OpenAI Platform Overview
The OpenAI Platform at platform.openai.com is the developer-facing layer of OpenAI — an HTTP API that provides programmatic access to models, embeddings, speech, image generation, file storage, vector search, and batch processing. It is entirely separate from ChatGPT: the platform is for building applications, not for end-user chat.
Key API Endpoints
All endpoints are prefixed with https://api.openai.com:
| Endpoint | Purpose | Notes |
|---|---|---|
/v1/responses | Primary completions (Responses API) | Recommended for new work; replaces Assistants API |
/v1/chat/completions | Legacy Chat Completions | Stateless; still fully supported |
/v1/embeddings | Text embeddings | Use text-embedding-3-small or text-embedding-3-large |
/v1/audio/transcriptions | Speech-to-text | Whisper and gpt-4o-transcribe models |
/v1/audio/speech | Text-to-speech | tts-1, tts-1-hd, gpt-4o-mini-tts |
/v1/images/generations | Image generation | GPT-4o native image; DALL-E 3 deprecated May 2026 |
/v1/files | File upload and storage | Used by Responses API, fine-tuning, Batch API |
/v1/vector_stores | Vector store management | Hosted RAG; pair with file_search tool |
/v1/batch | Async bulk inference | 50% off; results within 24 hours |
Authentication
All API calls require authentication via a secret API key, passed as an HTTP header:
Authorization: Bearer sk-proj-...API keys are created at platform.openai.com/api-keys. Keys can be scoped to an organisation or further restricted to a specific Project within that organisation. Project-scoped keys are recommended for production — they limit access to only the resources a given application needs.

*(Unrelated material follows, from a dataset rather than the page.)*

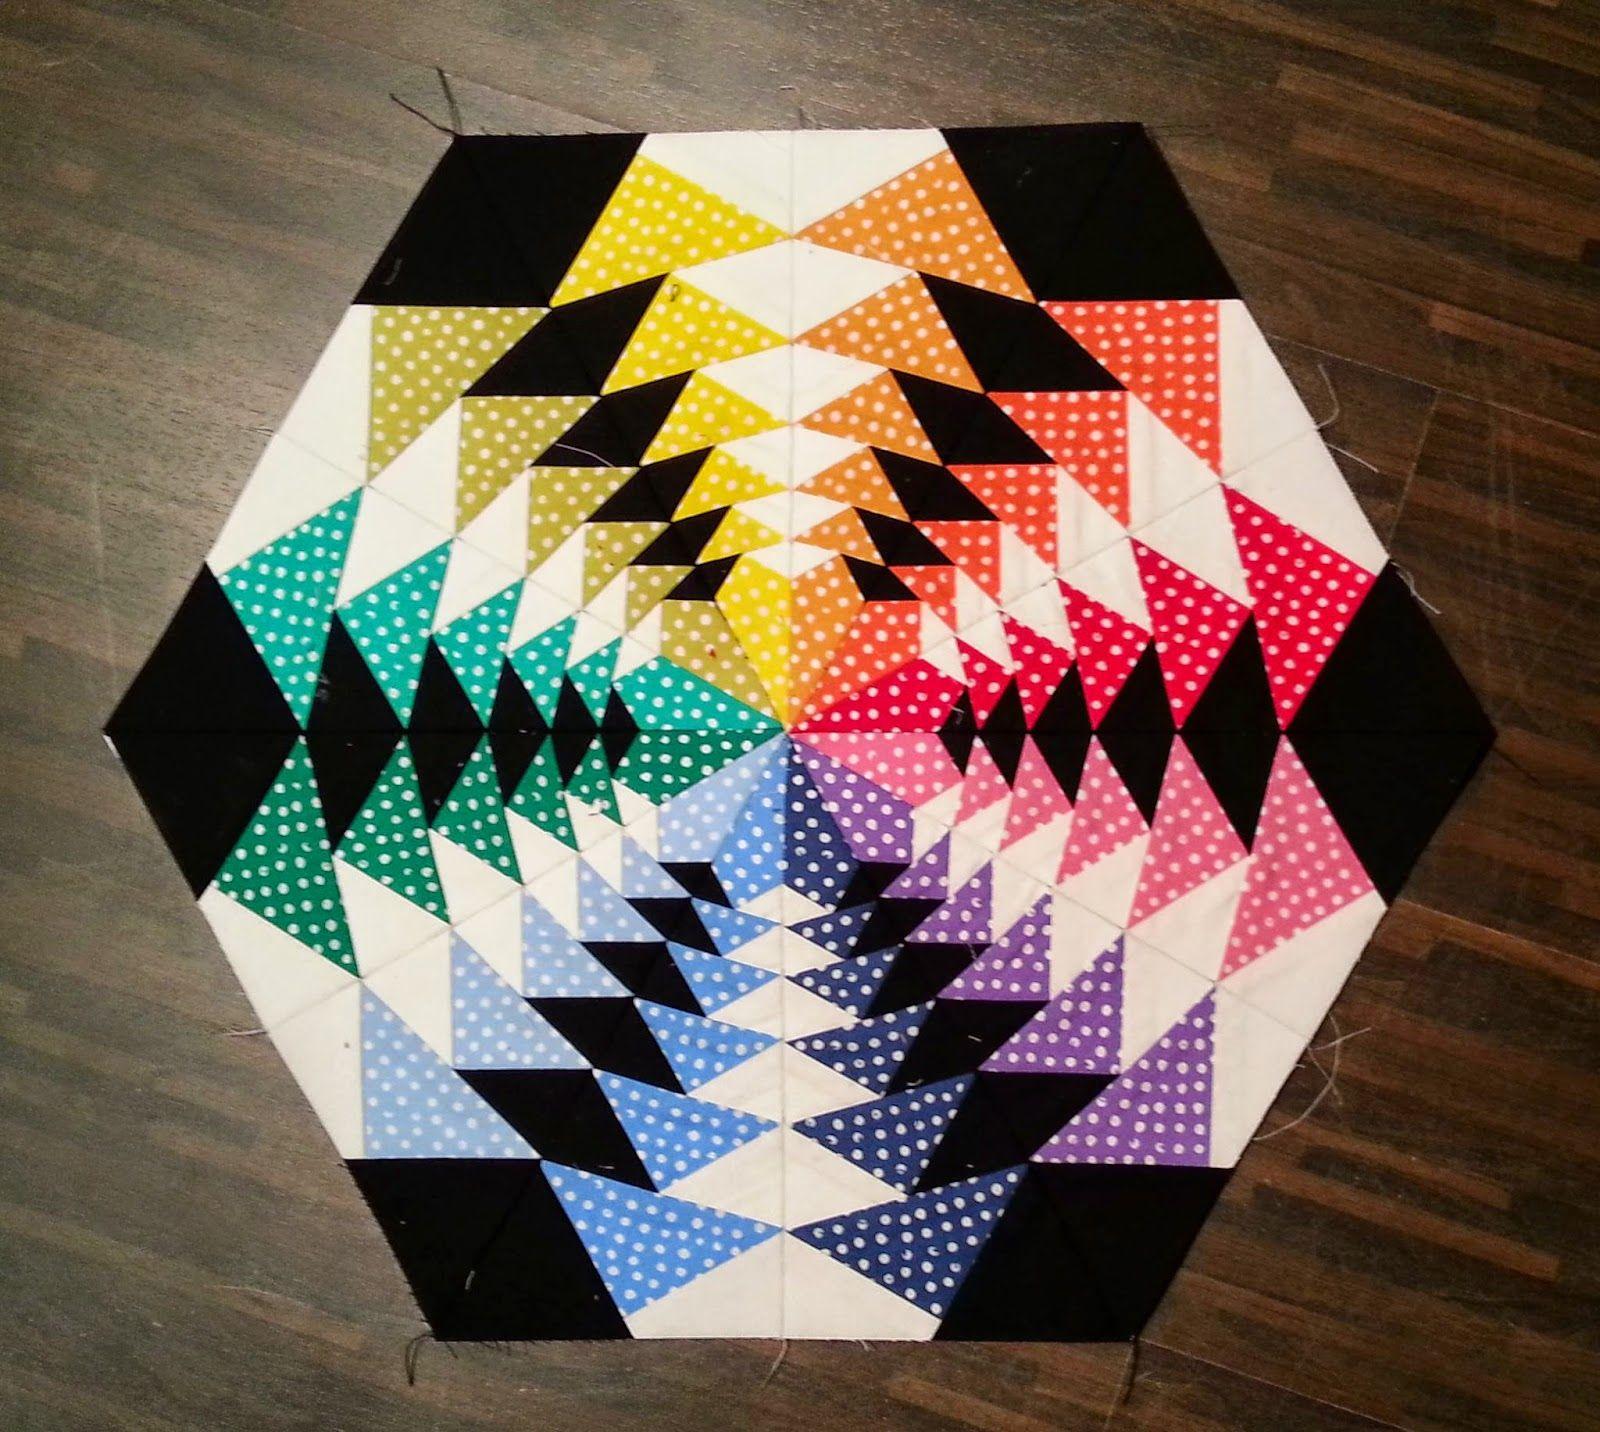 janja kreativ patchwork stoffkreationen patchwork n hen und n hen auf papier. Black Bedroom Furniture Sets. Home Design Ideas
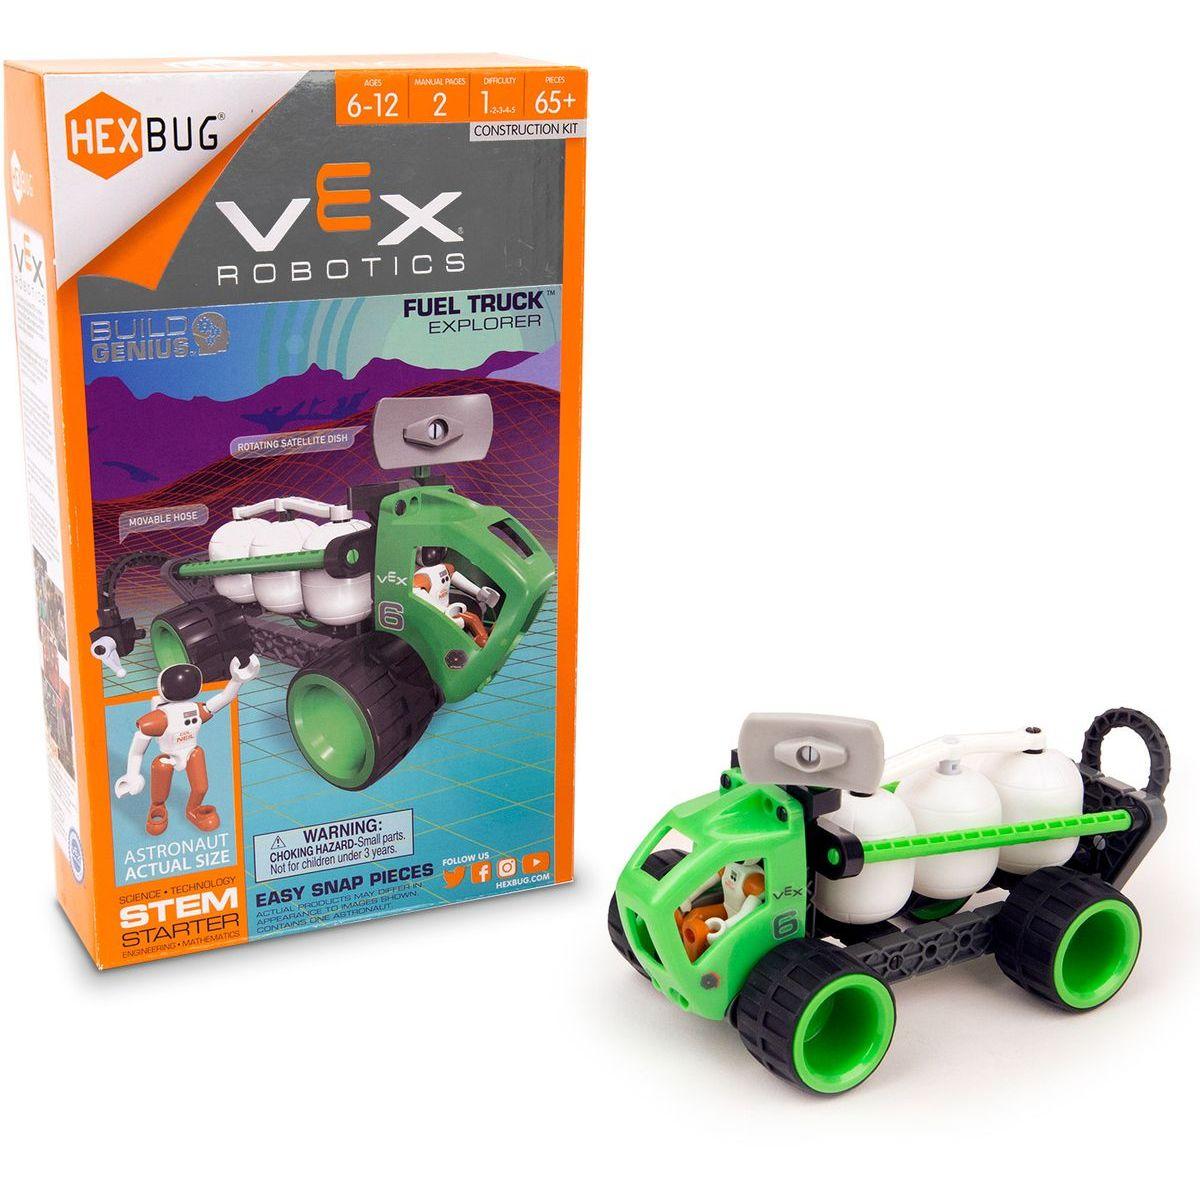 Hexbug Vex Explorer Robotics Fuel Truck

Store your API key in an environment variable (OPENAI_API_KEY) and never hardcode it in source files or commit it to version control.
Rate Limits
OpenAI enforces rate limits across five dimensions simultaneously. Hitting any one of them triggers a 429 Too Many Requests error:
Rate Limit Dimensions
- RPM — Requests Per Minute
- RPD — Requests Per Day
- TPM — Tokens Per Minute
- TPD — Tokens Per Day
- IPM — Images Per Minute (image endpoints)
Handling 429 Errors
- Implement exponential backoff with jitter
- Check and respect the
Retry-Afterheader - Use the Batch API for non-time-sensitive workloads
- Monitor TPM usage — often hit before RPM
Rate limits are applied per organisation and per endpoint. They are not shared across different model families — GPT-5 limits are separate from o3 limits, which are separate from embedding limits.
Usage Tiers
OpenAI uses an automatic tier upgrade system. As your payment history and usage grow, your organisation is automatically promoted to higher tiers with higher rate limits:
| Tier | Eligibility | Typical RPM (GPT-5) |
|---|---|---|
| Free | New account, no payment added | 3 |
| Tier 1 | $5+ paid | 500 |
| Tier 2 | $50+ paid, 7+ days since first payment | 5,000 |
| Tier 3 | $100+ paid, 7+ days | 5,000 |
| Tier 4 | $250+ paid, 14+ days | 10,000 |
| Tier 5 | $1,000+ paid, 30+ days | 30,000 |
Batch API quota is tracked separately from real-time quotas and does not count against your synchronous rate limits.
Checklist
- What HTTP header carries the API key in OpenAI API requests?
- What is the difference between the Responses API endpoint and the Chat Completions endpoint?
- Name the five rate limit dimensions OpenAI enforces.
- How does tier promotion work — is it manual or automatic?
- Why should you use project-scoped API keys in production?